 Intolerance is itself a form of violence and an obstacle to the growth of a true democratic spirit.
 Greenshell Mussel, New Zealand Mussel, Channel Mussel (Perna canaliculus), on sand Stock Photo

--

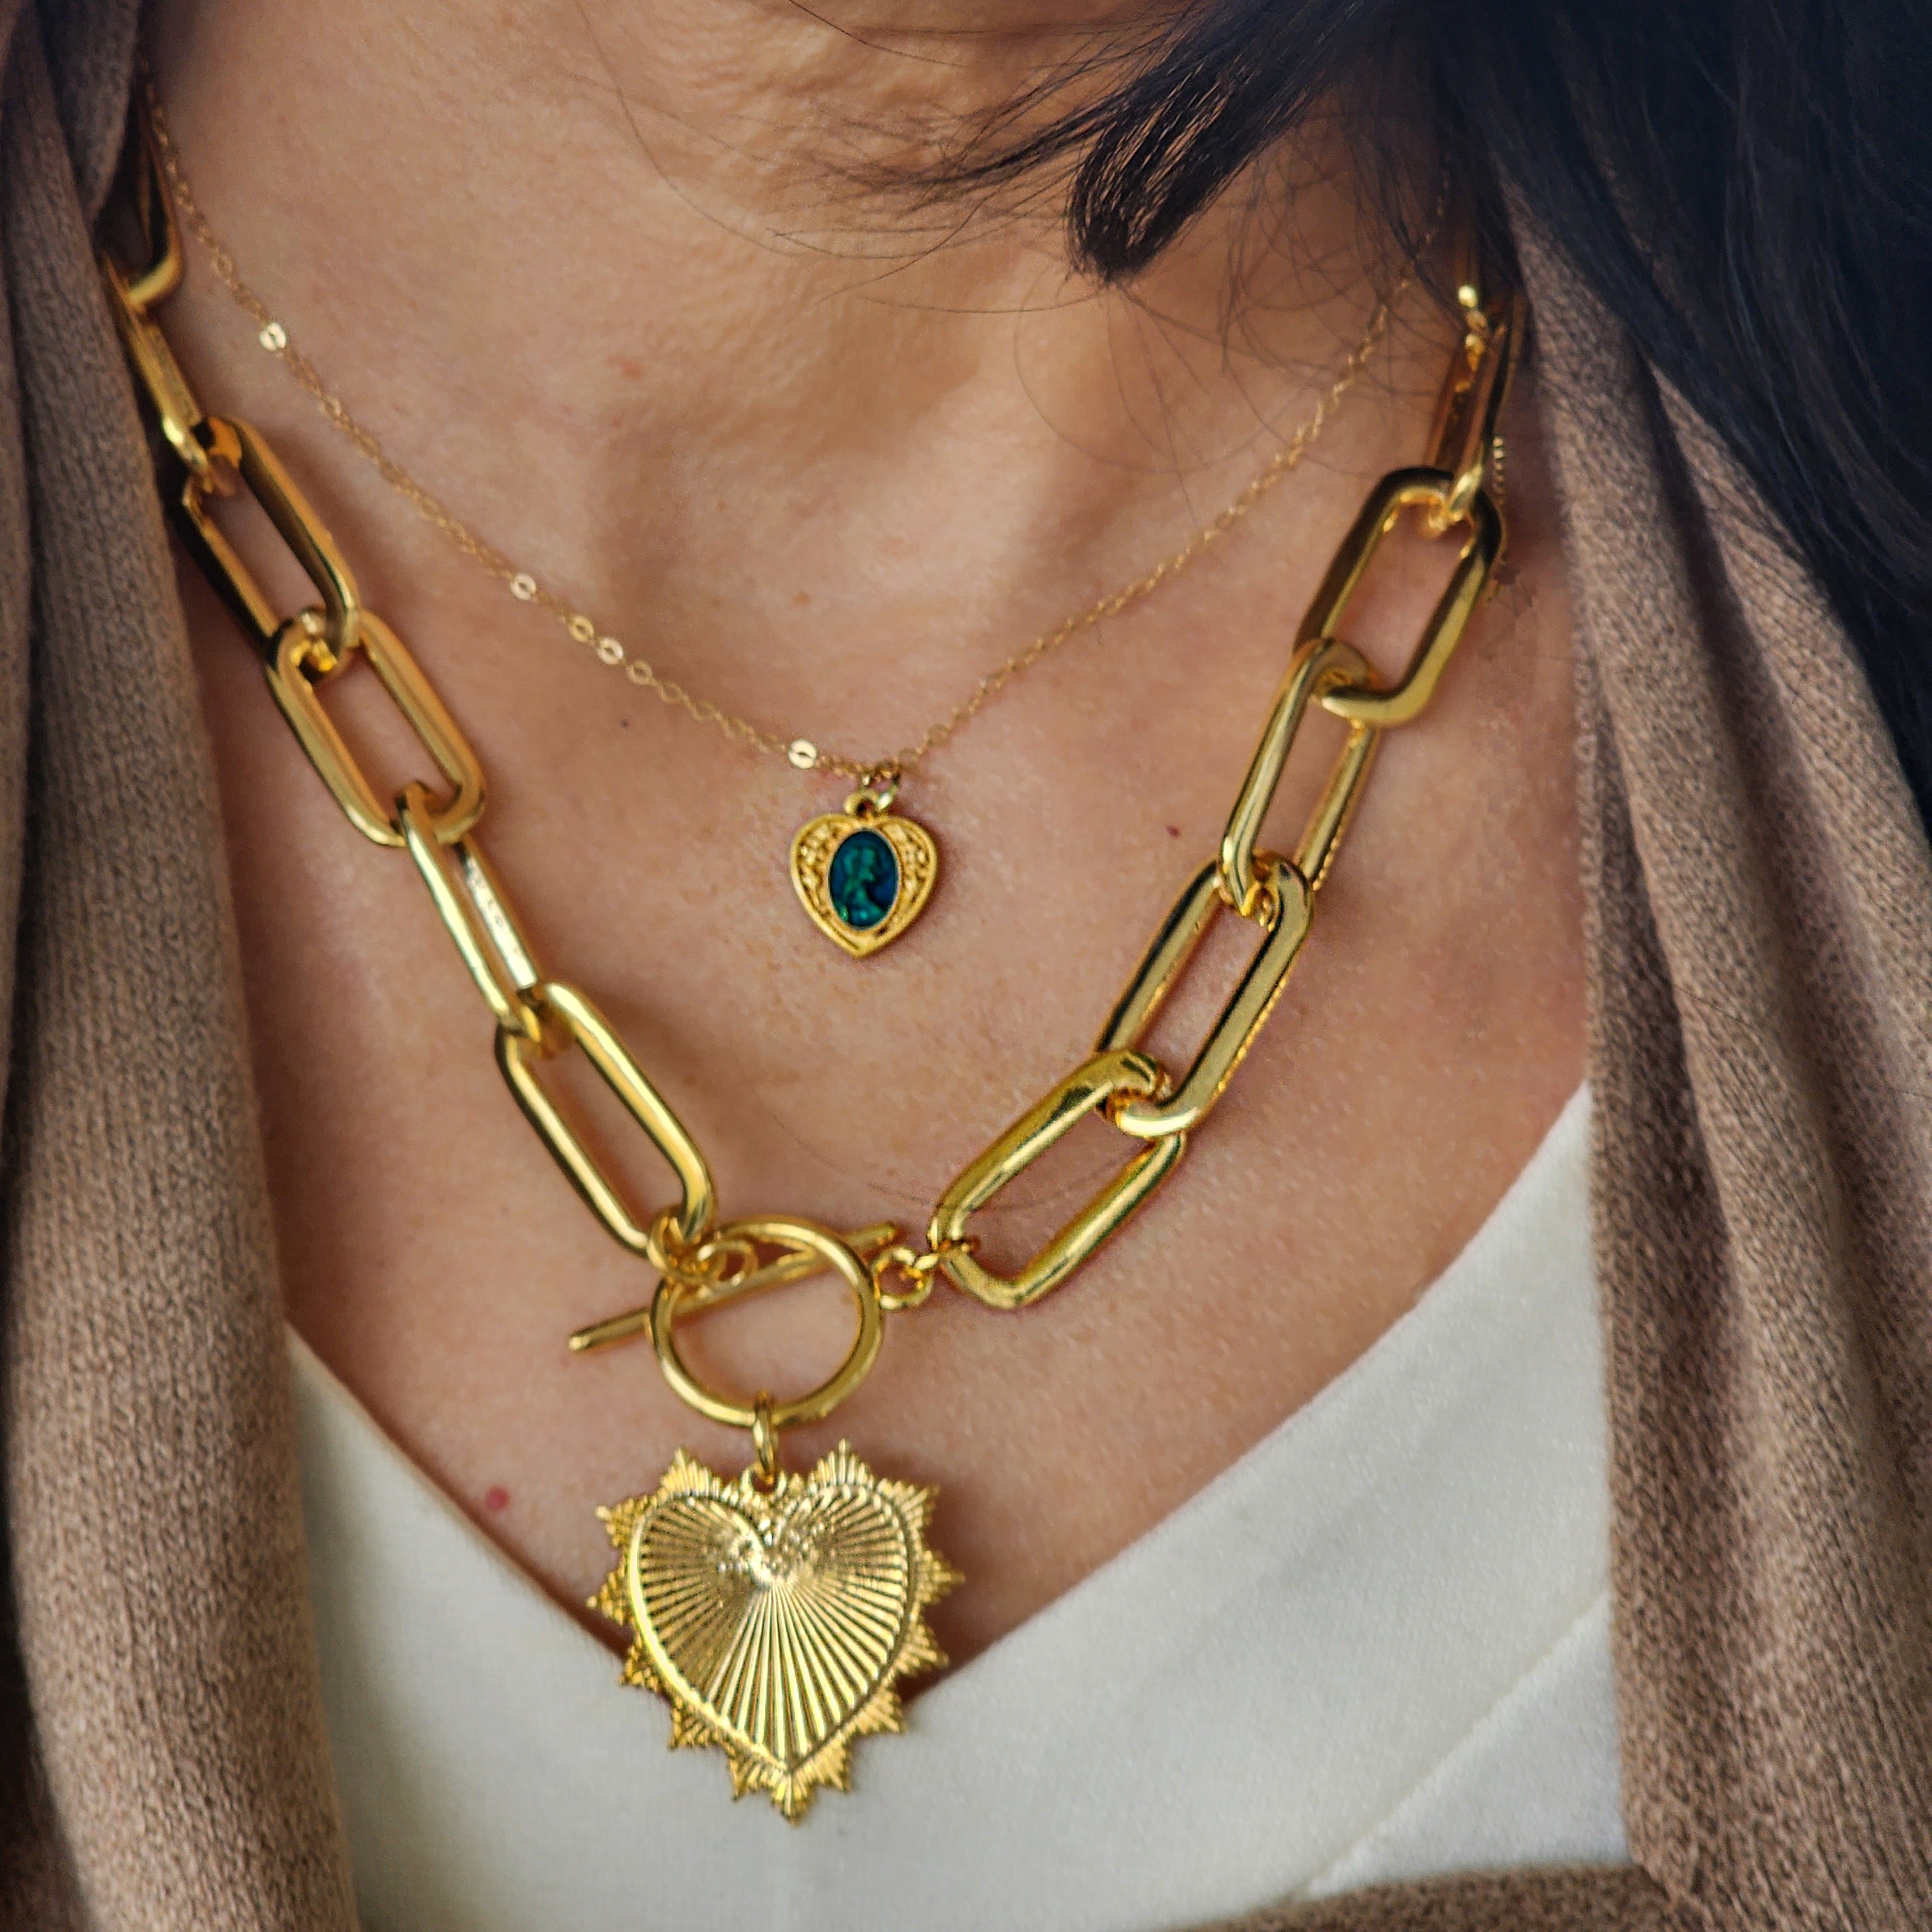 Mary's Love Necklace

...

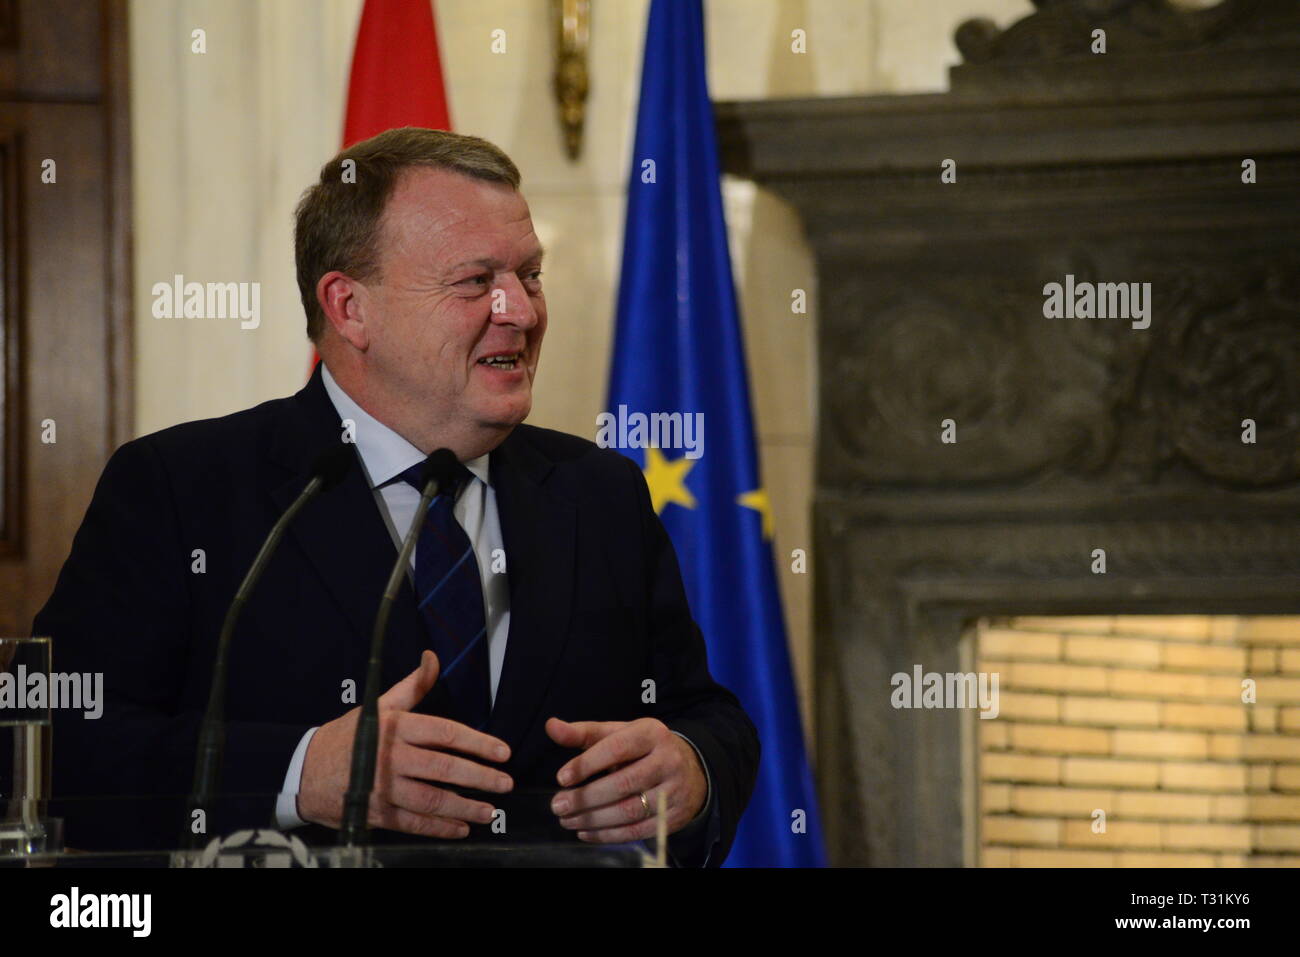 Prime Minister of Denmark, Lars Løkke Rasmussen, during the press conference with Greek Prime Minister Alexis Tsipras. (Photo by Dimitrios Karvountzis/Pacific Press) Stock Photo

**Work instructions**. Take the records above and return, word for word, only the lines that fall from the line with "Intolerance is itself" to the line with "Greenshell Mussel, New", both of them included.

**Exercise result**.
 Intolerance is itself a form of violence and an obstacle to the growth of a true democratic spirit.
 Greenshell Mussel, New Zealand Mussel, Channel Mussel (Perna canaliculus), on sand Stock Photo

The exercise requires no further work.